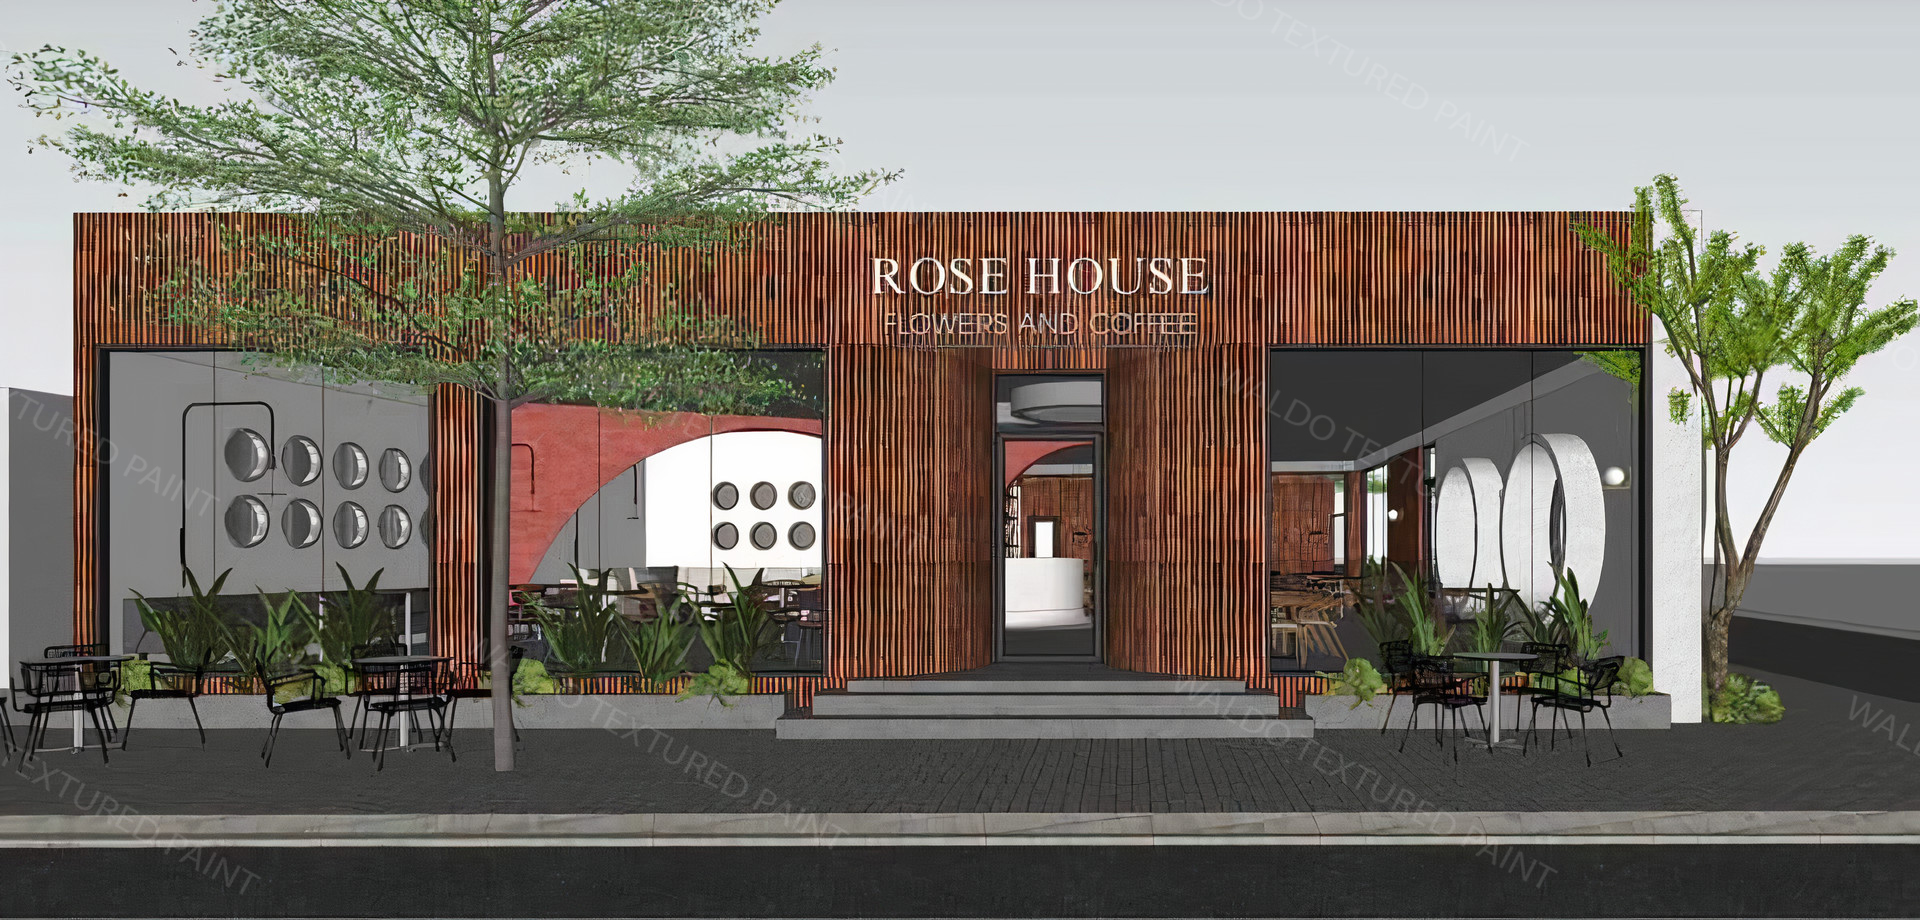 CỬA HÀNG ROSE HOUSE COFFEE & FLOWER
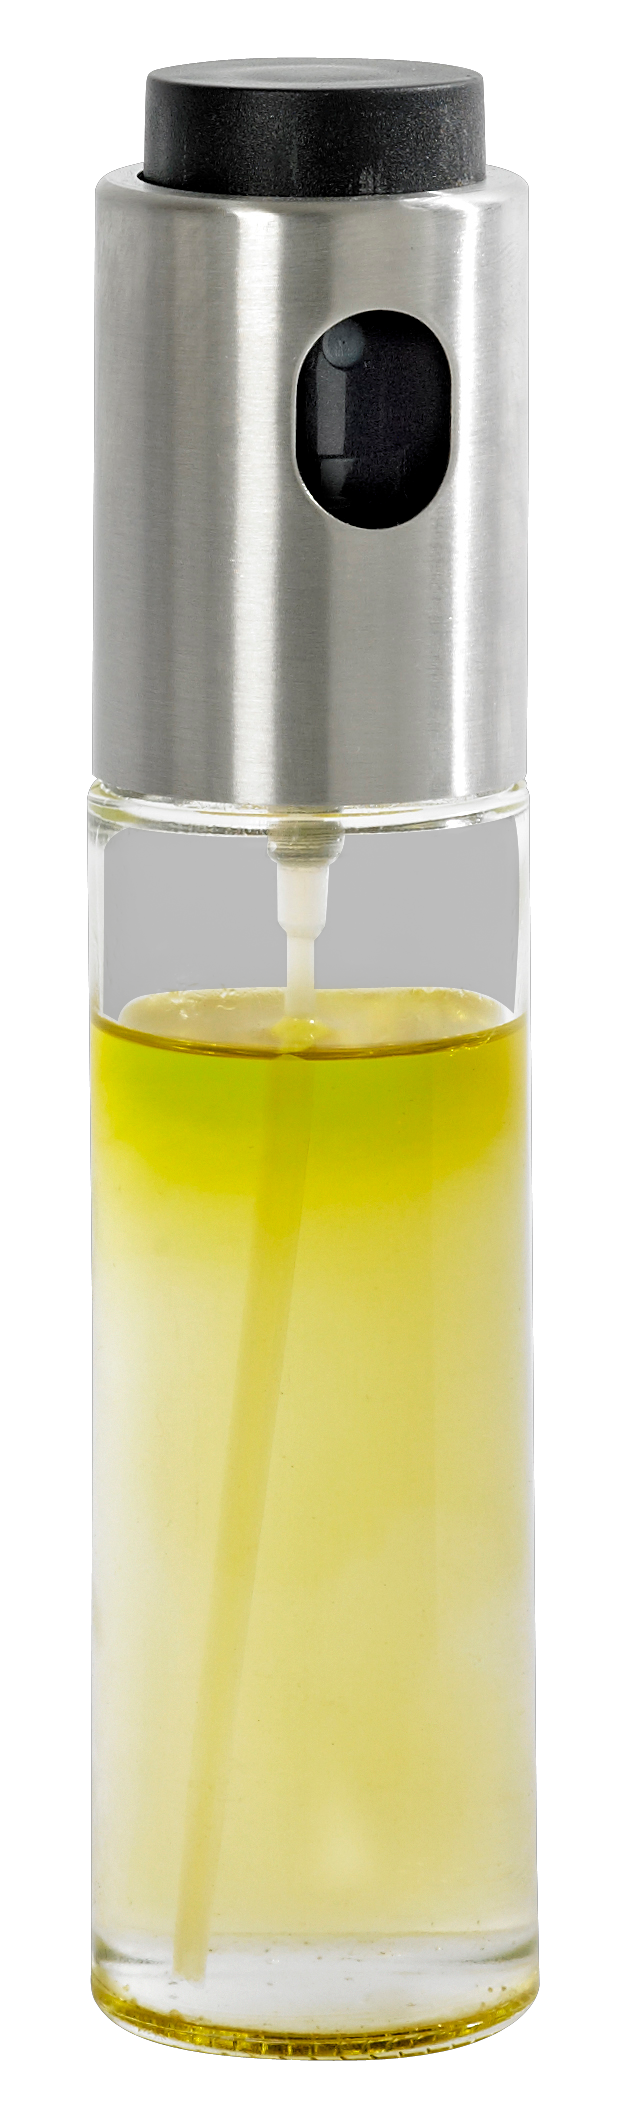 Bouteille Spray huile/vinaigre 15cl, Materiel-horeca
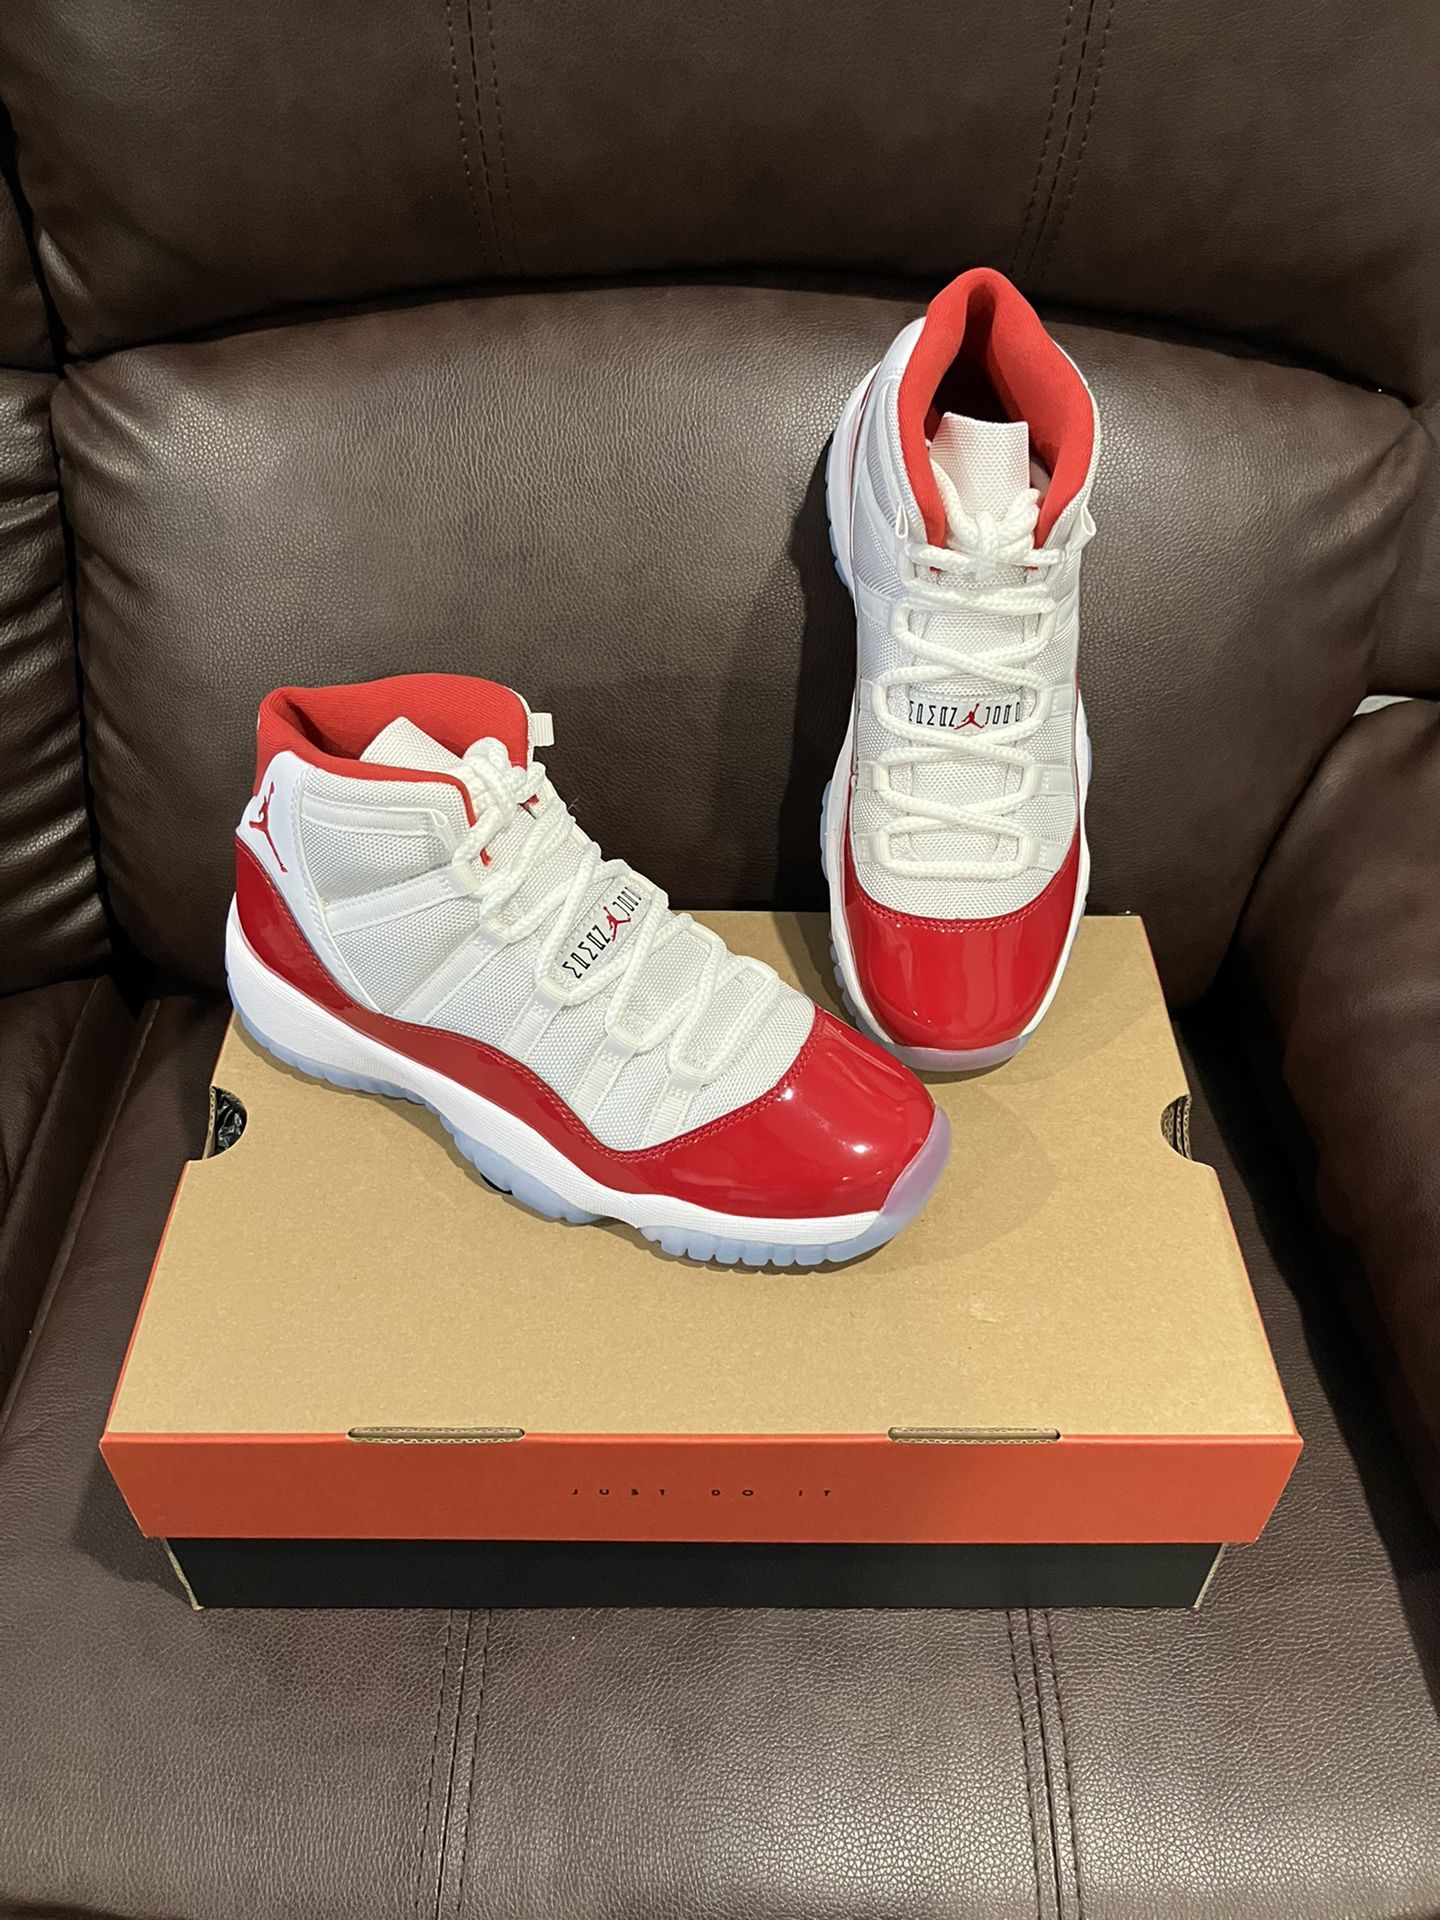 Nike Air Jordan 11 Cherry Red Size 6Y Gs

◆ ◆ ◆ ◆

Omit pictures; set down the rest of the material word for word.

Solution to this task >>
 CỬA HÀNG ROSE HOUSE COFFEE & FLOWER
 Bouteille Spray huile/vinaigre 15cl, Materiel-horeca
 Nike Air Jordan 11 Cherry Red Size 6Y Gs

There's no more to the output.